Congratulations okonomiyaki (and Caleb), I can no longer avoid the issue of how to deal with real recipe failures. I have a few draft posts started discussing either individual recipe disappointments or complete failure across all tested recipes. However, I’ve put off posting them for a number of reasons: I feel guilty saying someone else’s hard work in developing a recipe was a flop. I worry the failure is in the chef (me) and not the recipe. Also – who wants to read a post about something that was a flop?
Unfortunately, the okonomiyaki (Japanese savory pancakes) from Clean Green Eats were a flop. I can say that because I made them last night and then tried a different recipe for okonomiyaki tonight to use as a comparison. The okonomiyaki from Clean Green Eats weren’t awful, or inedible, but I would be embarrassed to served them to anyone and I wound up throwing them away.
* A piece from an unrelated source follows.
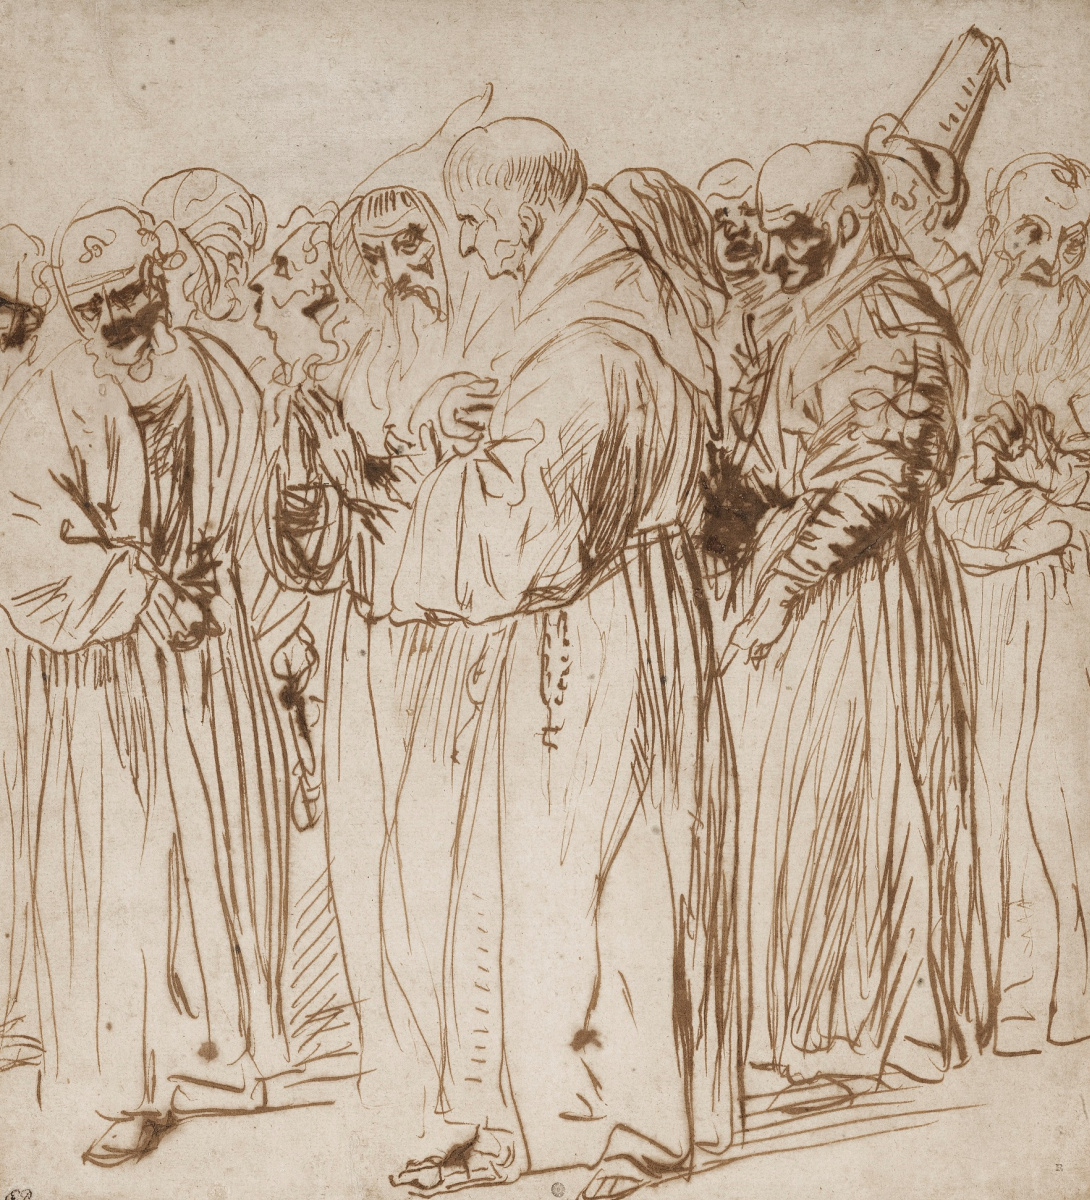 Ян Ливенс. Группа монахов

One problem with Candice Kumai’s okonomiyaki is the ratio of cabbage and scallion to batter. Compared to other okonomiyaki recipes, she uses about 1/8 the amount of cabbage, and 1/2 the amount of scallions. Strangely, she writes that the recipe is based on the okonomiyaki from the Hiroshima region, which are supposedly thicker, more substantial pancakes with more cabbage in them than the average okonomiyaki. Maybe there was an error in editing? She calls for 3/4 cup of chopped cabbage compared to the 8 cups packed, shredded cabbage other okonomiyaki recipes of equivalent scale require. Alternatively, one of the ways Hiroshima okonomiyaki stand apart from those of other regions is that they have layers. Candice’s recipe doesn’t specify any amount or weight for the “toppings” (which are really layers) she calls optional…Maybe if I had used a lot of cabbage and/or made more layers of the toppings, perhaps I would have liked these pancakes a lot more?The batter contains a whopping 3 tablespoons of (reduced-sodium) soy sauce for 6 servings, which is a huge amount of salt per pancake. That’s before adding the optional toppings like bacon or smoked fish. …there’s not nearly enough produce bulk in the recipe to balance that much sodium out, so I was left with uneven, lumpy cabbage pancakes that were overly salty and even more unappealing to look at than your average okonomiyaki. Mine turned out better once I used cooked egg as a layer, but they still weren’t worth remaking.If you’re in the market for making okonomiyaki, this standard version from Serious Eats was alright, but also imperfect – it took at least 10-15 more minutes of cooking with the heat on to be cooked through and it definitely needs at least one of the extras, like pickled ginger, to save it from being bland.I’ll have to keep experimenting – maybe by mixing the two techniques I can adapt this recipe and make some great Hiroshima-style okonomiyaki.